The unique capital structure of commercial banking - funding production with demandable debt that participates in the economy's payments system - affects various aspects of banking. It shapes banks' comparative advantage in providing financial products and services to informationally opaque customers, their ability to diversify credit and liquidity risk, and how they are regulated, including the need to obtain a charter to operate and explicit and implicit federal guarantees of bank liabilities to reduce the probability of bank runs. These aspects of banking affect a bank's choice of risk vs. expected return, which, in turn, affects bank performance. Banks have an incentive to reduce risk to protect the valuable charter from episodes of financial distress and they also have an incentive to increase risk to exploit the cost-of-funds subsidy of mispriced deposit insurance. These are contrasting incentives tied to bank size. Measuring the performance of banks and its relationship to size requires untangling cost and profit from decisions about risk versus expected-return because both cost and profit are functions of endogenous risk-taking. This chapter gives an overview of two general empirical approaches to measuring bank performance and discusses some of the applications of these approaches found in the literature. One application explains how better diversification available at a larger scale of operations generates scale economies that are obscured by higher levels of risk-taking. Studies of banking cost that ignore endogenous risk-taking find little evidence of scale economies at the largest banks while those that control for this risk-taking find large scale economies at the largest banks - evidence with important implications for regulation.

 

"Who Said Large Banks Don't Experience Scale Economies? Evidence from a Risk-Return-Driven Cost Function," with Loretta J. Mester, Journal of Financial Intermediation, 2013, 22:4, 559-585. (paper)

Abstract

The Great Recession focused attention on large financial institutions and systemic risk. We investigate whether large size provides any cost advantages to the economy and, if so, whether these cost advantages are due to technological scale economies or too-big-to-fail subsidies. Estimating scale economies is made more complex by risk-taking. Better diversification resulting from larger scale generates scale economies but also incentives to take more risk. When this additional risk-taking adds to cost, it can obscure the underlying scale economies and engender misleading econometric estimates of them. Using data pre- and post-crisis, we estimate scale economies using two production models. The standard model ignores endogenous risk-taking and finds little evidence of scale economies. The model accounting for managerial risk preferences and endogenous risk-taking finds large scale economies, which are not driven by too-big-to-fail considerations. We evaluate the costs and competitive implications of breaking up the largest banks into smaller banks.

 

"A Primer on Market Discipline and Governance of Financial Institutions for Those in a State of Shocked Disbelief," with Loretta J. Mester, for Efficiency and Productivity Growth in the Financial Services Industry, edited by Fotios Pasiouras, pp. 19-47, John Wiley and Sons, 2013. (paper)

Abstract

Self regulation encouraged by market discipline constitutes a key component of the third pillar of Basel II. But high-risk investment strategies may maximize the expected value of some banks.
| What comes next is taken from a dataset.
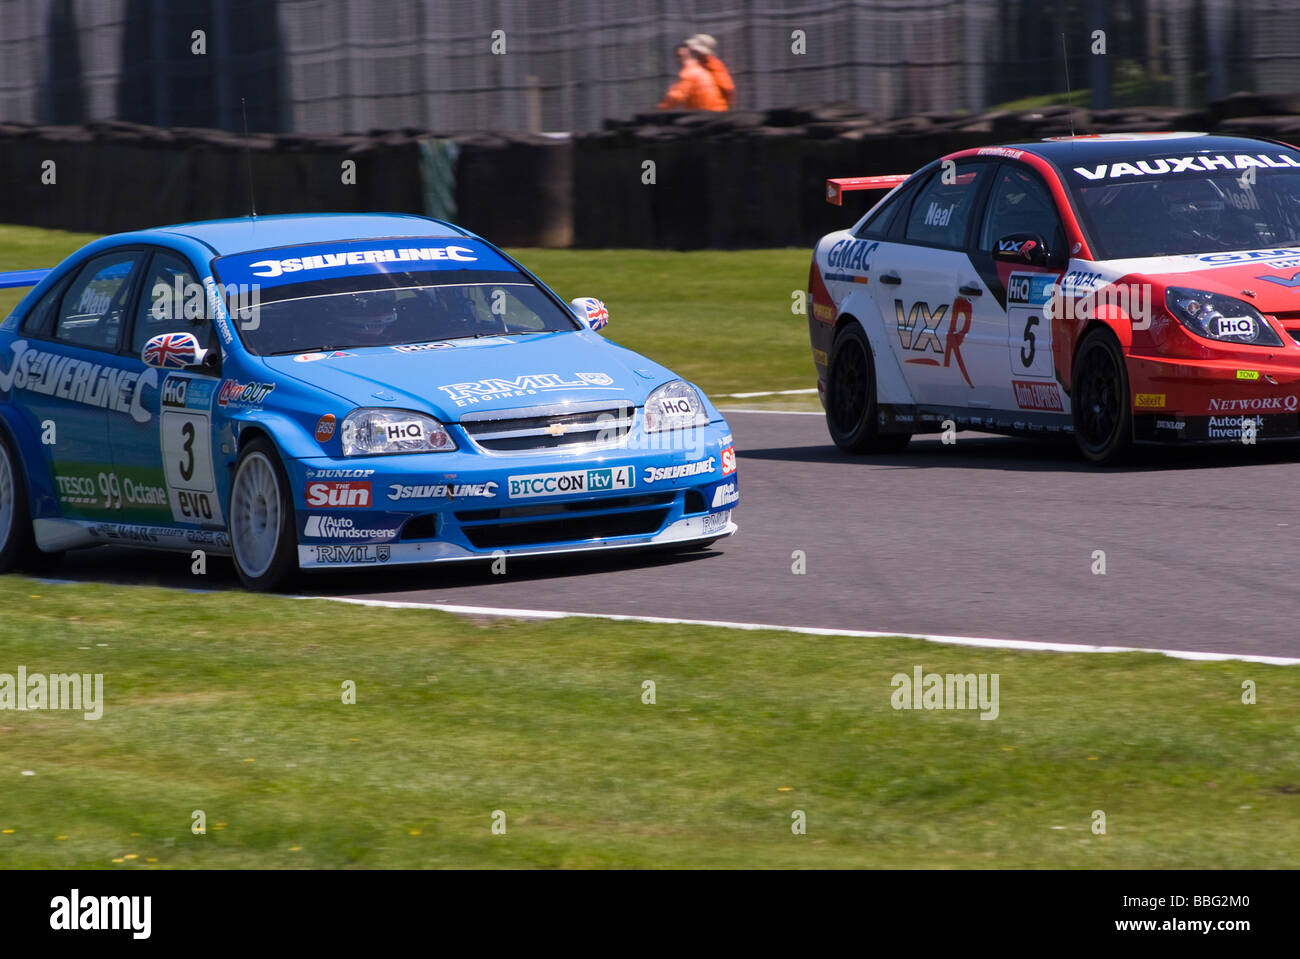 Chevrolet Lacetti and Vauxhall Vectra Race Cars at British Touring Car Championship at Oulton Park Cheshire England Stock Photo
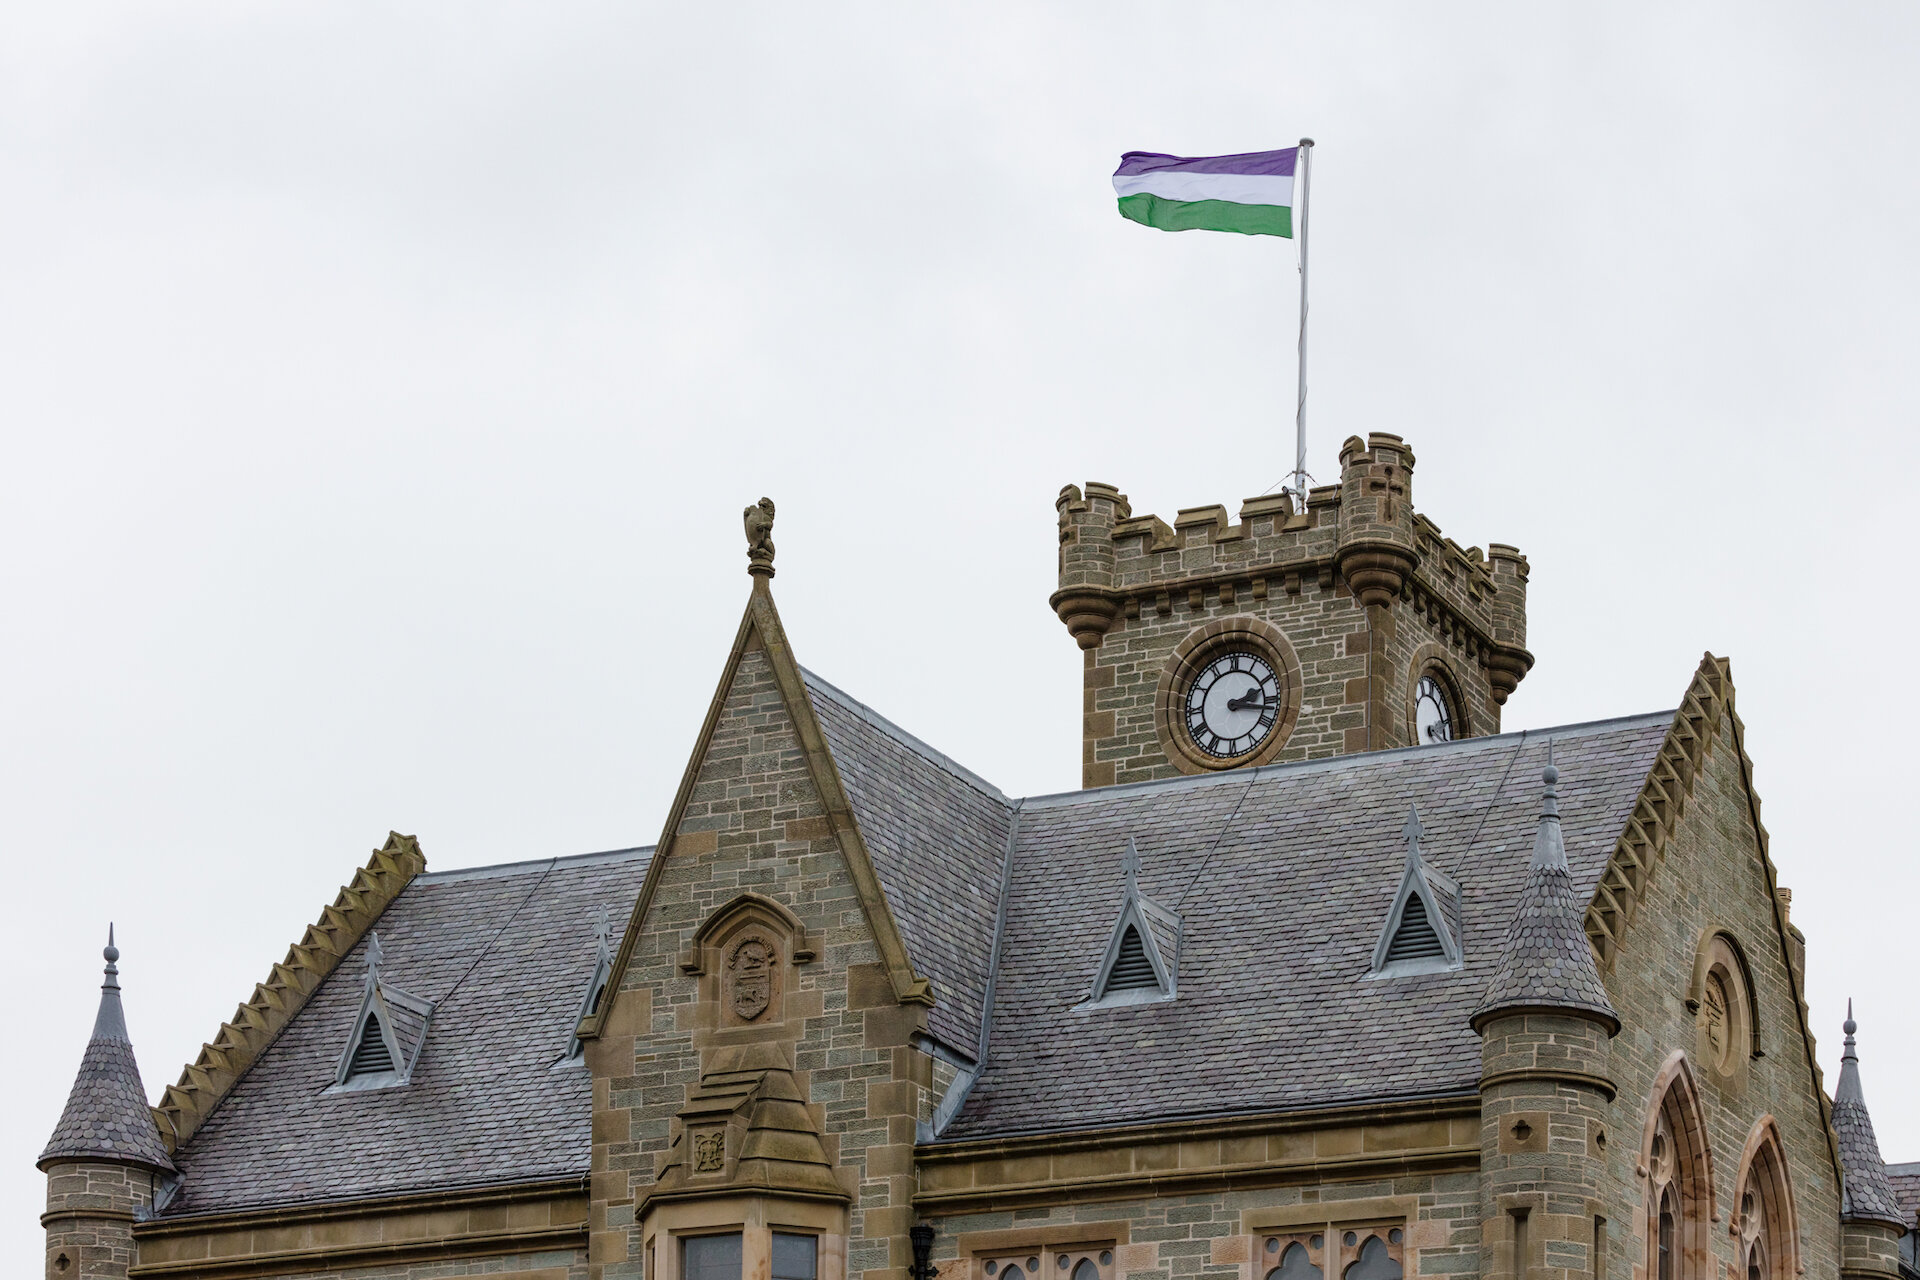 Suffragette flag flying above Lerwick Town Hall for International Women's Day 2018

In these cases, does market discipline encourage risk-taking that undermines bank stability in economic downturns? This paper reviews the literature on corporate control in banking. It reviews the techniques for assessing bank performance, interaction between regulation and the federal safety net with market discipline on risk-taking incentives and stability, and sources of market discipline, including ownership structure, capital market discipline, product market competition, labor market competition, boards of directors, and compensation.